§ Aim of the task:
Restate the full listing word for word and leave the pictures out.

§ Source data:
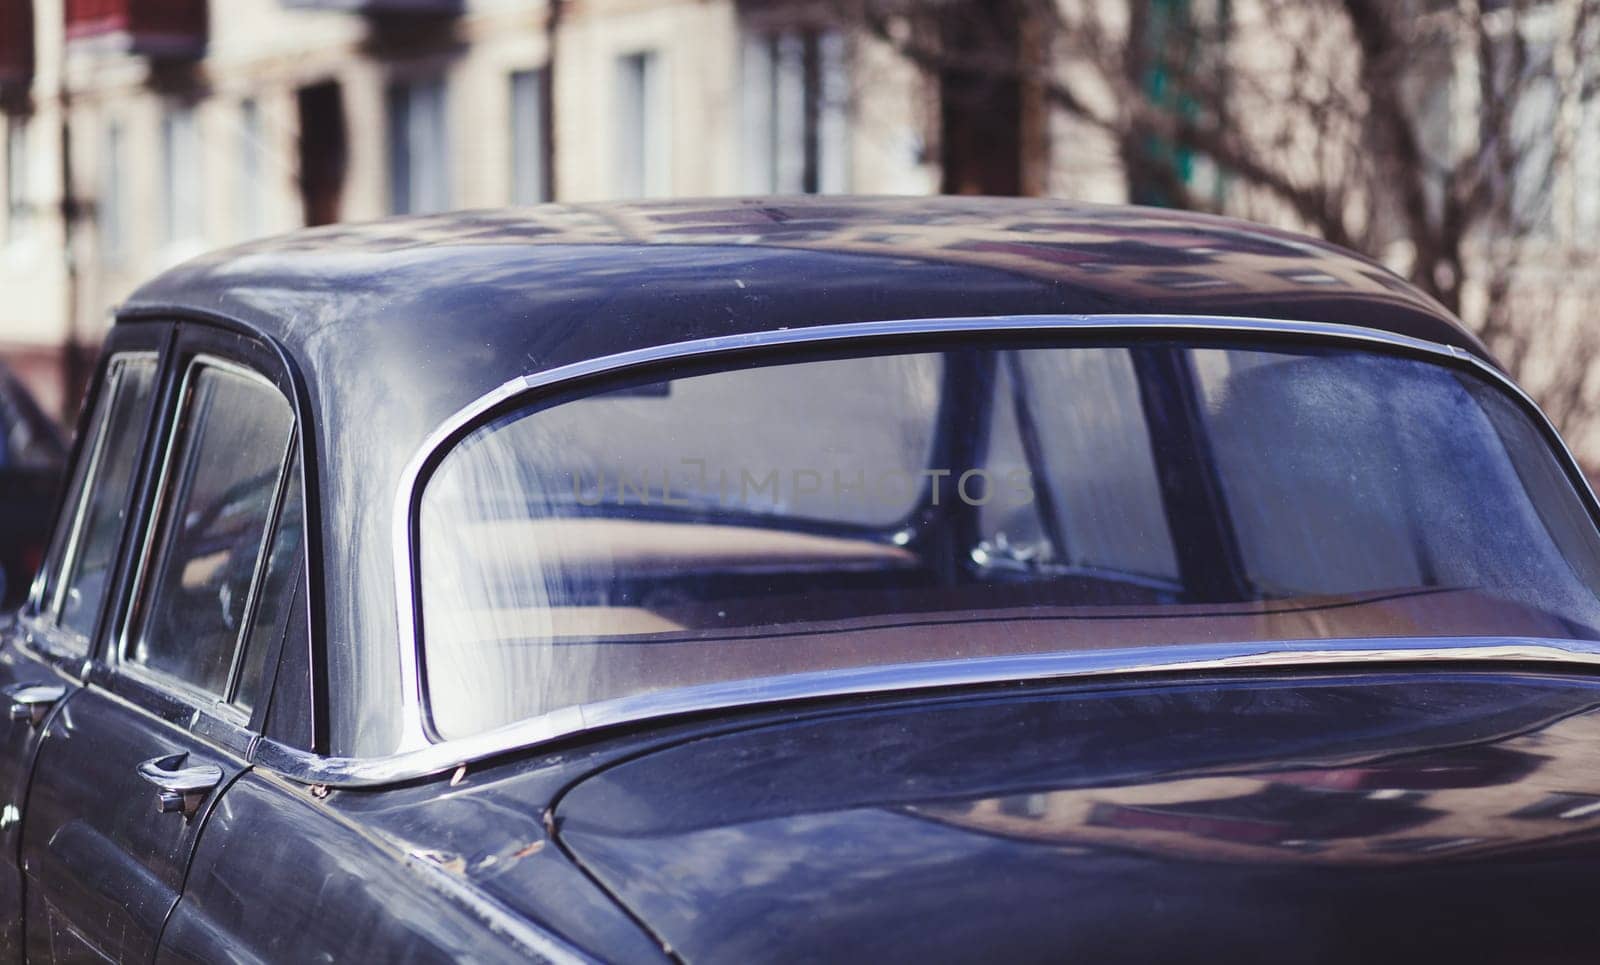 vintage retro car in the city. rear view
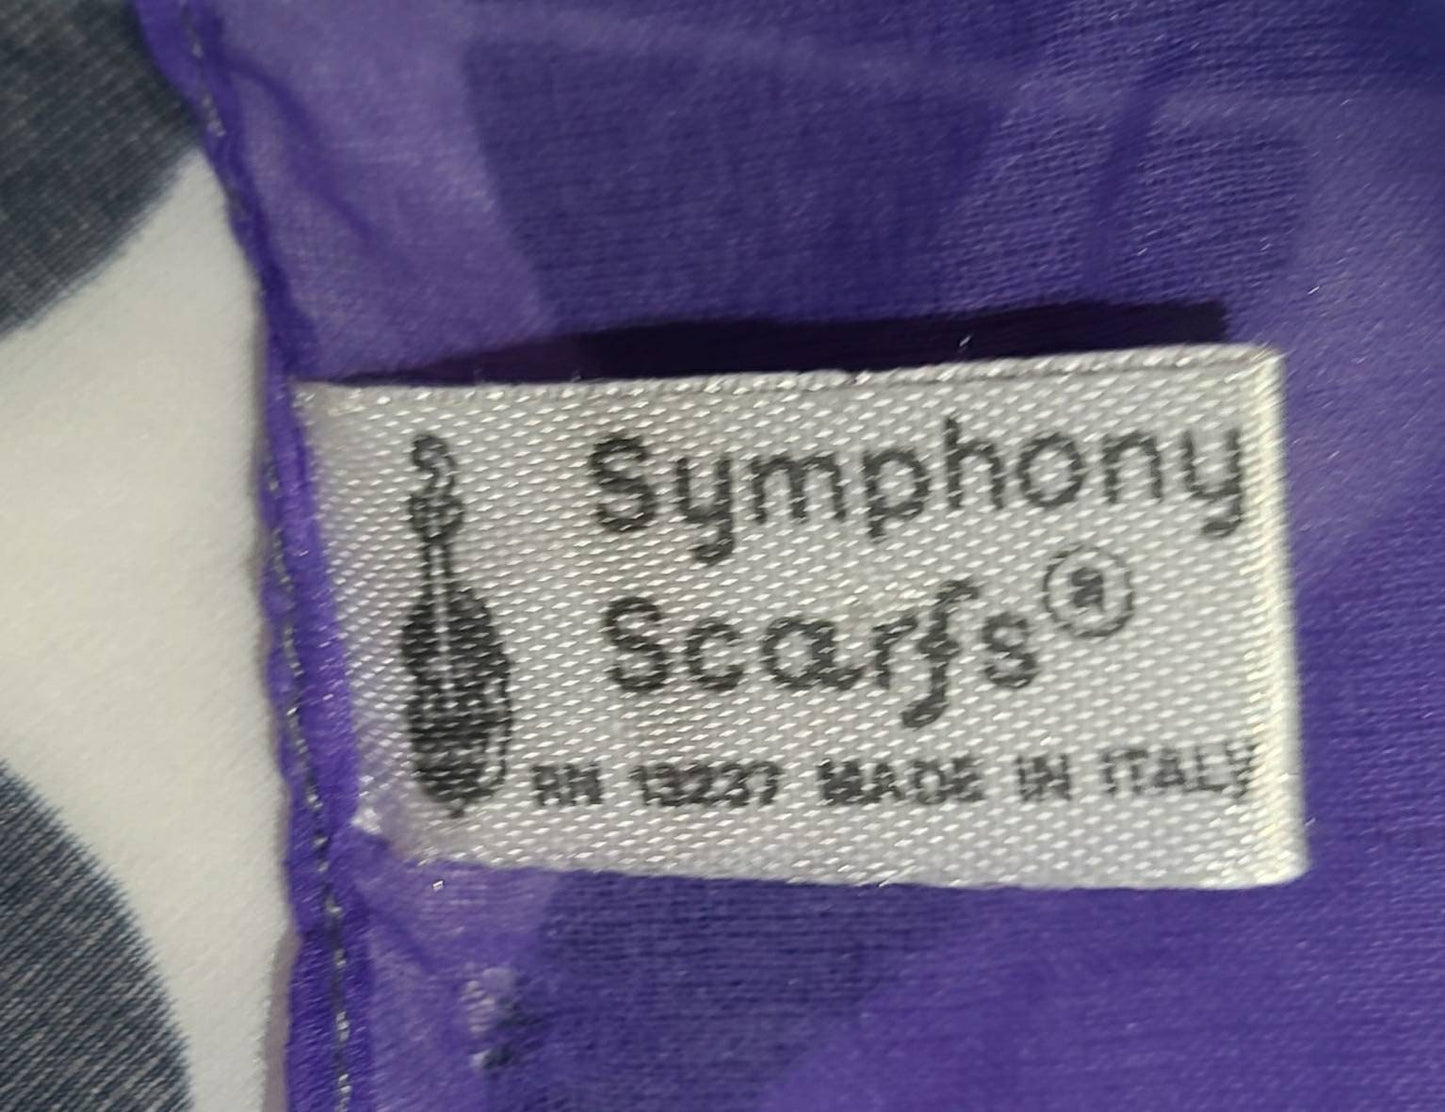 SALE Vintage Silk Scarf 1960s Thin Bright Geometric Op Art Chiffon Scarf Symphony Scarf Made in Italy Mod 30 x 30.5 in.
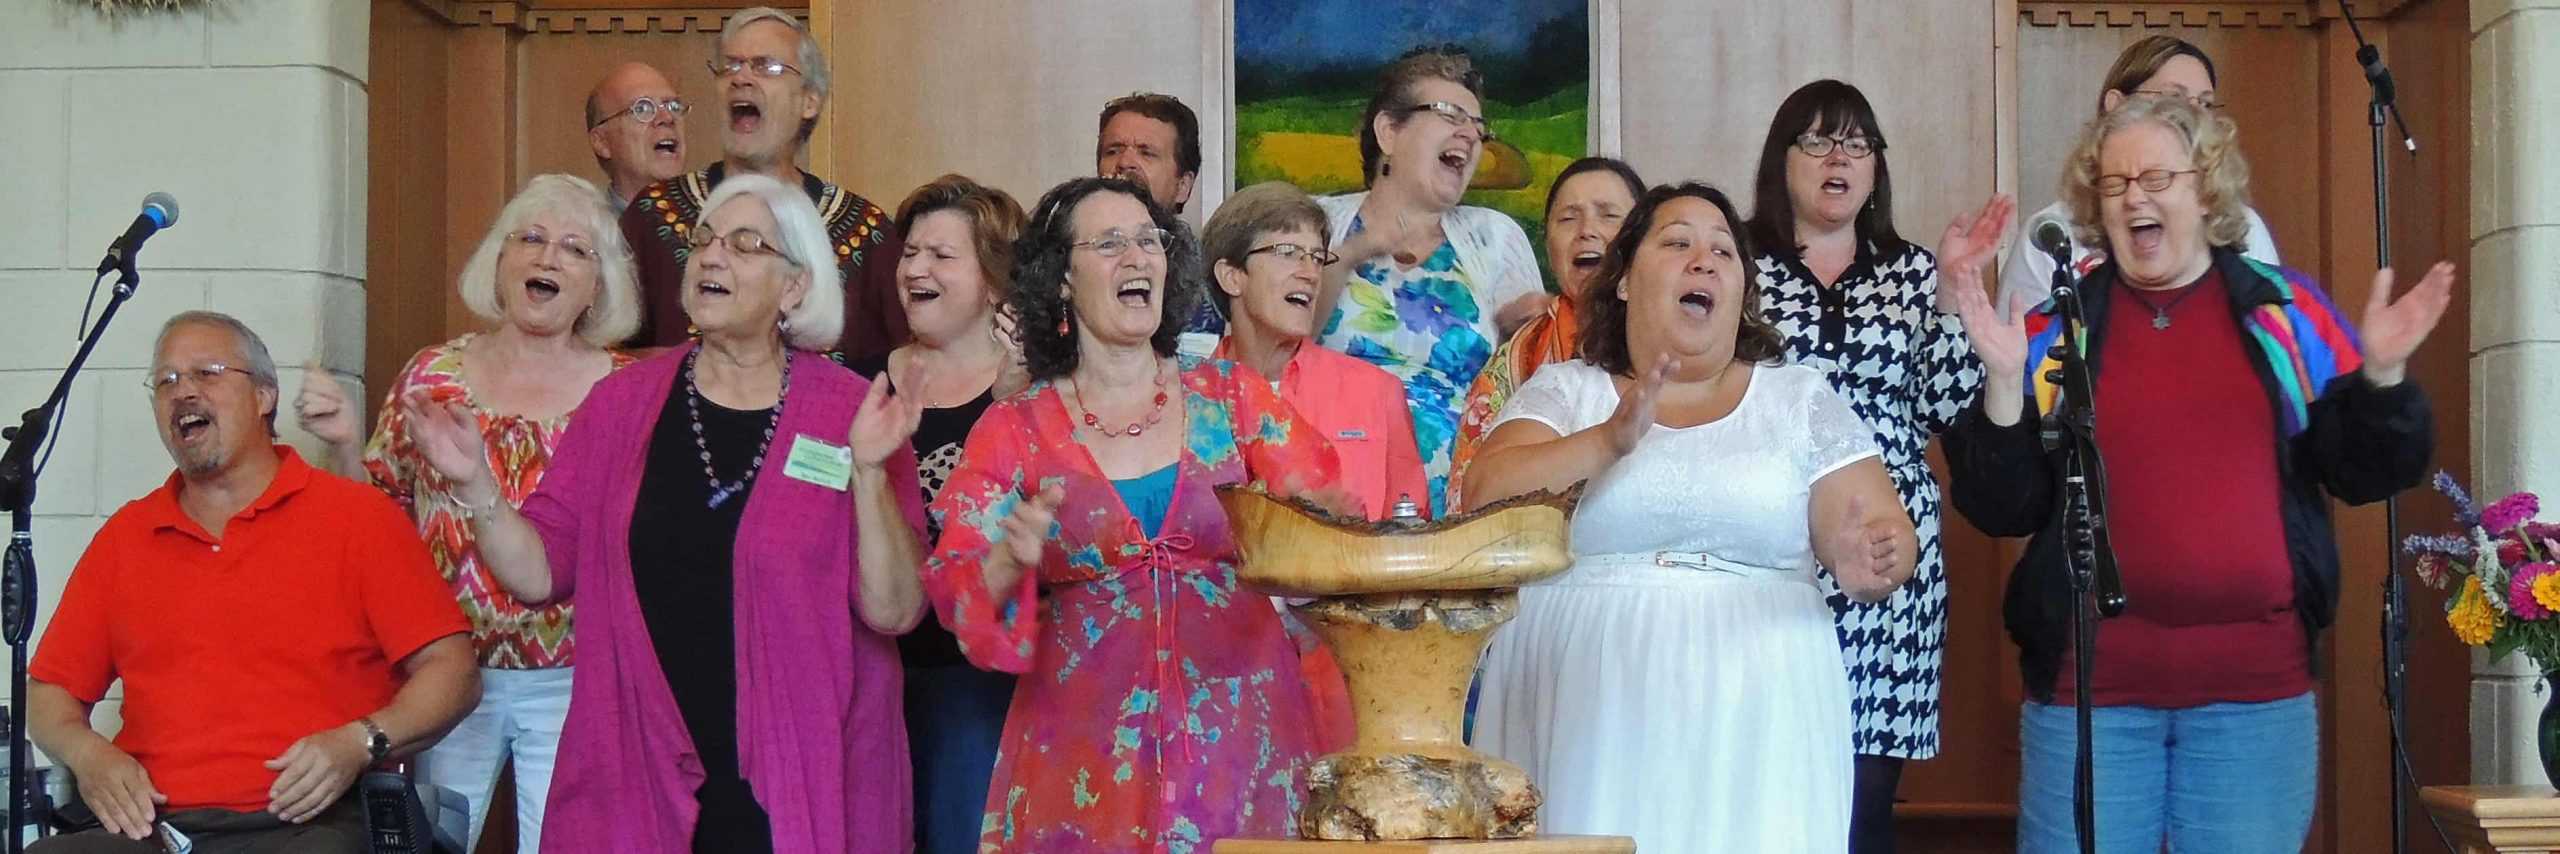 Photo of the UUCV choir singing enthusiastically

§ Written reply:
 vintage retro car in the city. rear view
 SALE Vintage Silk Scarf 1960s Thin Bright Geometric Op Art Chiffon Scarf Symphony Scarf Made in Italy Mod 30 x 30.5 in.
 Photo of the UUCV choir singing enthusiastically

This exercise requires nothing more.